Wednesday, 24/08/2011 08:22

Market shows signals of short dollar supply

The dollar prices quoted by commercial banks have been kept at the ceiling levels over the last consecutive 10 days, which shows that the pressure on the dong/dollar exchange rate not only comes from the quotas to import gold granted by the State Bank of Vietnam.

Prior to August 11, the dollar price quoted by the Vietnam Bank for Foreign Trade (Vietcombank) had always been kept at the levels below the ceiling levels allowed by the State Bank, while the margin between the purchase and sale prices was relatively big, at 80 dong per dollar. The bank closing purchase dollar price was 20,375 dong per dollar on August 10, while the sale price was 20,815 dong per dollar.

Since August 11, when companies kicked off the plan to import five tons of gold as allowed by the central bank, the margin has been narrowed to 10 dong per dollar, while both the sale and purchase prices have been increasing sharply. Since then, the sale prices have always been kept at 20,824 dong per dollar, or at the ceiling level – one percent higher than the interbank exchange rate 20,618 dong per dollar announced by the State Bank.

The black market has also become bustling again after a long period of keeping quiet, with the prices having increased since late last week, approaching to the 21,000 dong per dollar threshold in HCM City. The dollar prices have been hovering around 20,870-20,970 dong per dollar (Purchase and sale). In Hanoi, the dollar price has surged to 20,940-20,960 dong per dollar.

Dollar exchange shops have opened again after a lot of months of halting operation, due to the tight control of the central bank’s inspectors. The exchange shops on Ha Trung Street in Hoan Kiem district begin quoting prices at 9 am every day. The black price once climbed to 21,150-21,300 dong per dollar, when the State Bank just announced the granting of quotas for importing gold.

In fact, at many bank transaction points, the quoted dollar prices are not the actual transaction prices. Some businesses have reported that the dollar prices applied by some banks have exceeded the ceiling level, because banks charge additional fees on buyers.

“The pressure on the exchange rate has appeared,” said General Director of a joint stock bank said.
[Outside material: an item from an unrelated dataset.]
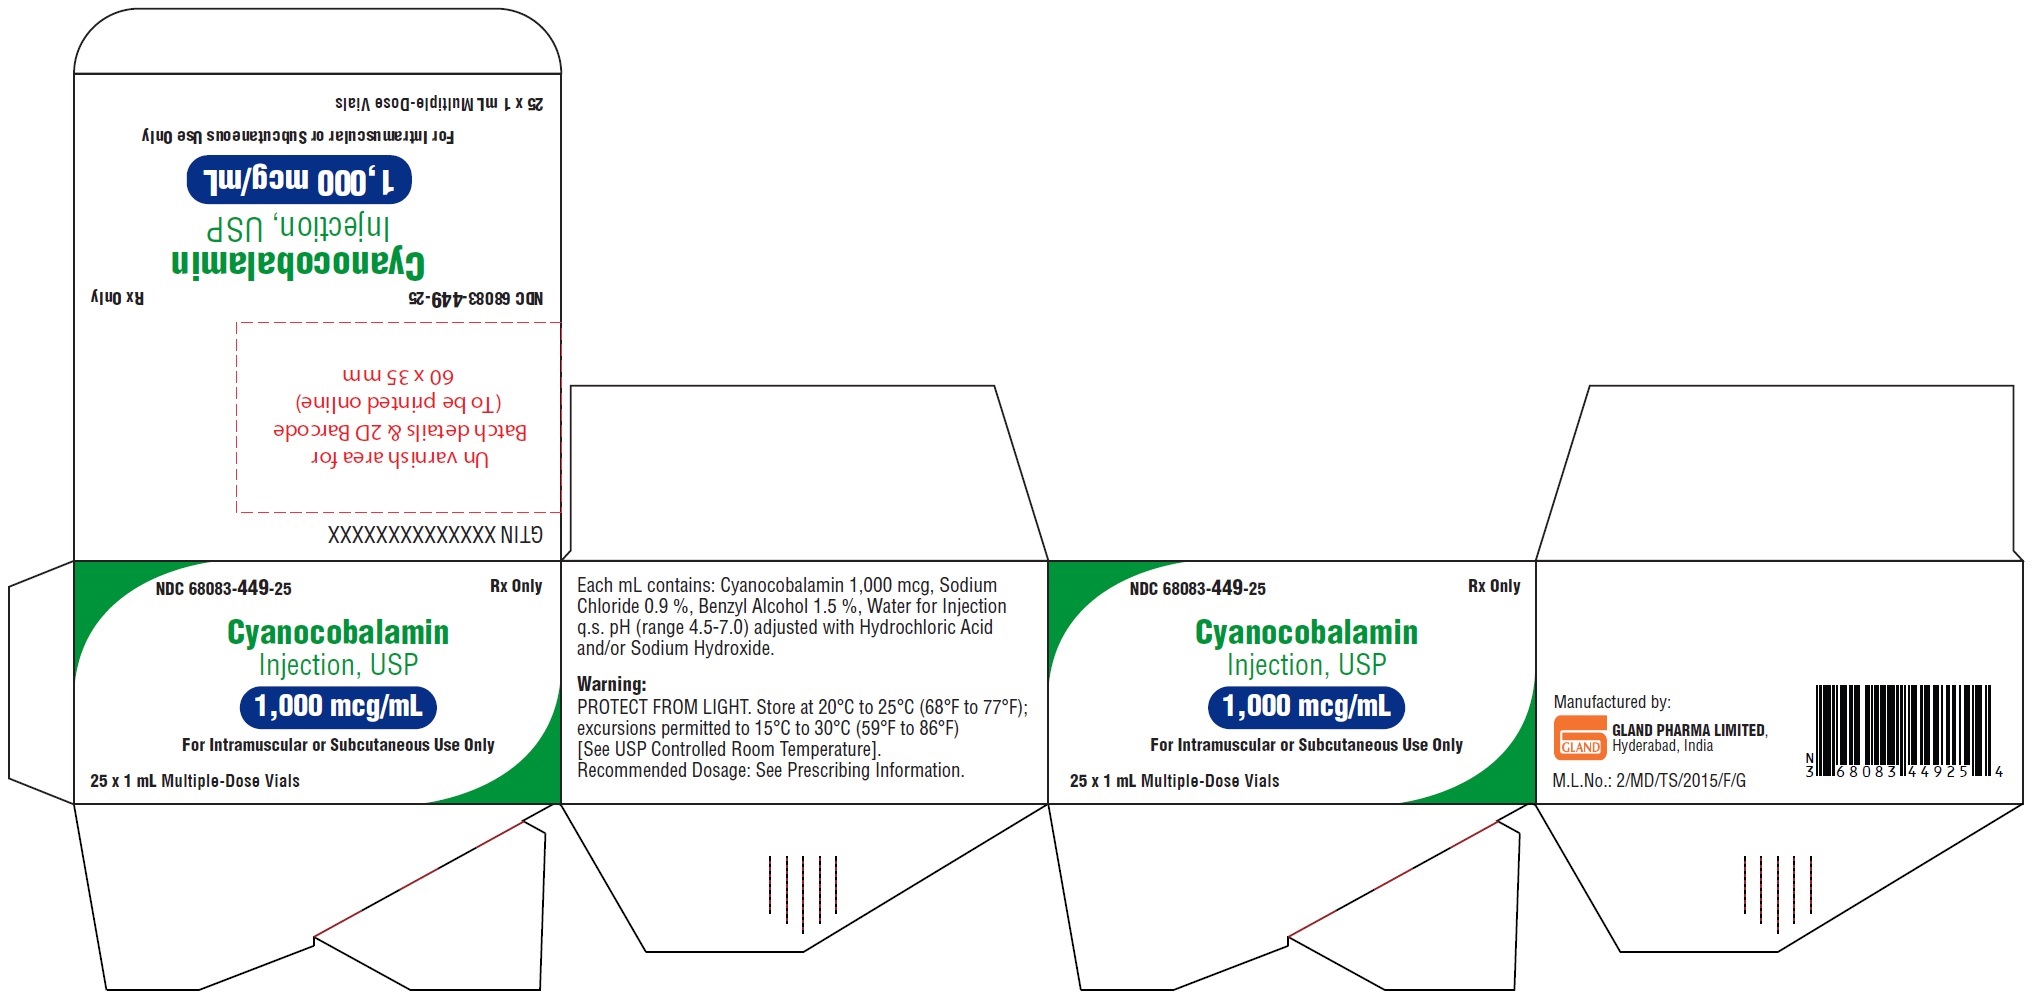 cyanocobalamin-spl-carton-label-1-ml

According to him, the demand for dollars has been increasing since investors are collecting dollars to import gold to sell for profits at the time when the gold prices keep rising, which has put pressure on the exchange rate.
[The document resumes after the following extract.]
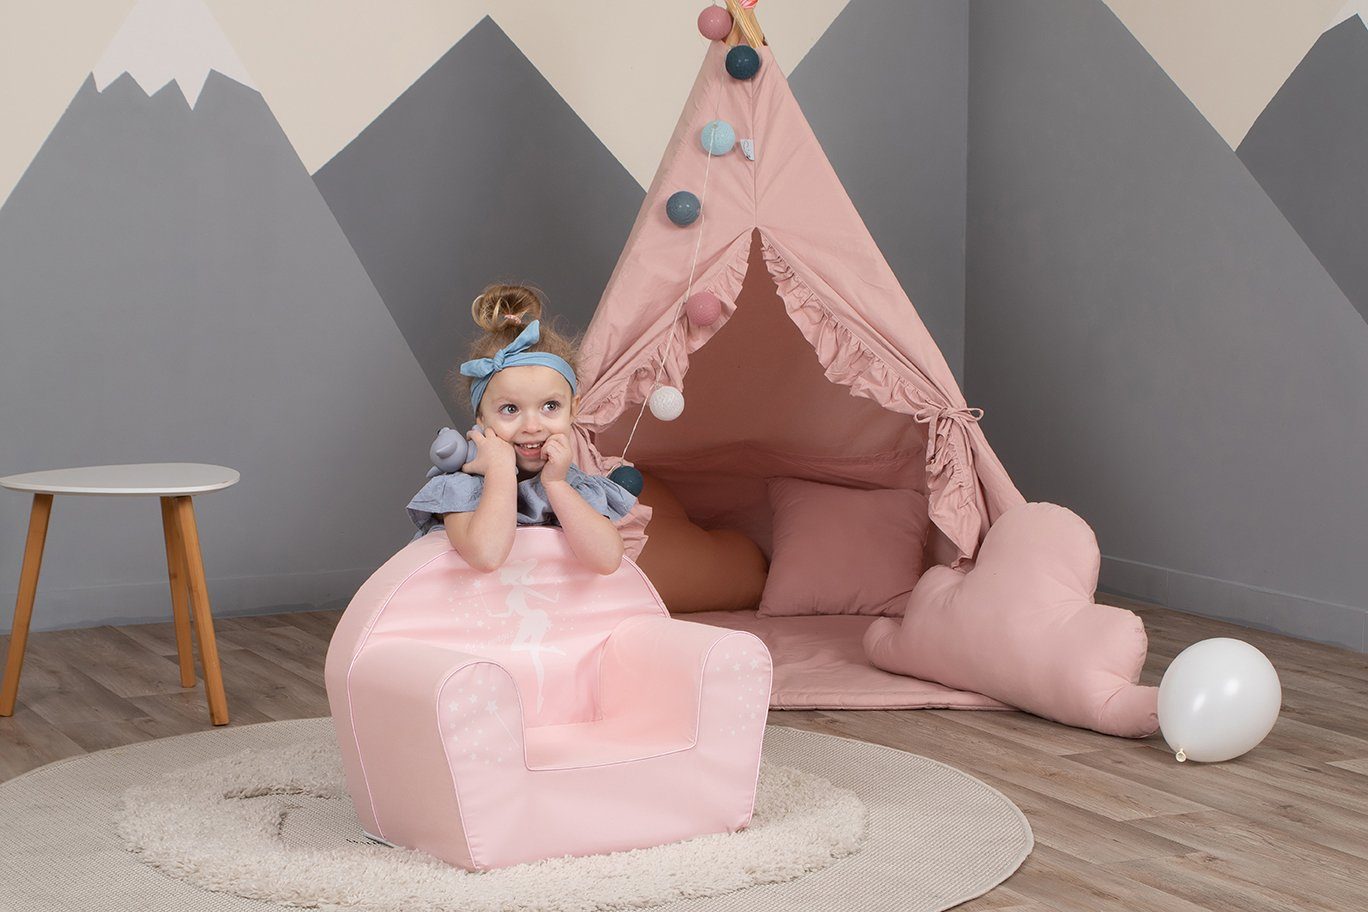 Knorrtoys® Sessel für Kinder; Fairy in Pink, Europe Made

He also said that the demand for dollars always increases in the last months of years, because enterprises need dollars to import materials for the year-end production season. Also, a lot of foreign institutions want to purchase dollars to transfer their profits abroad.

The banker went on to say that if the State Bank of Vietnam succeeds in forcing the dong interest rates down, there would be a wave of businesses shifting to borrow in dong instead of the foreign currencies. However, first of all, they would have to buy dollars to terminate the existing debts, which would also put a hard pressure on the exchange rate.

Sharing the same view with the banker, Nguyen Duc Huong, Deputy Chair of the Lien Viet Post Bank, also said that the pressure on the exchange rate has become harder.

The gold price increase has led to the foreign currency price increase, which will also affect the real estate and securities sectors.

Dr Le Xuan Nghia, Deputy Chair of the National Finance Supervision Council, has warned that the rising outstanding loans in foreign currencies (In the first six months of the year, the outstanding loans in foreign currencies increased by 23 percent).

In general, businesses pay debts 3-6 months after the day of borrowing. If so, the demand for dollars would increase sharply at the same time, when businesses rush to buy dollars to pay debts. This may lead to the dollar price increases.

“The pressure will come down, and the signs of the pressure have appeared already,” Nghia said.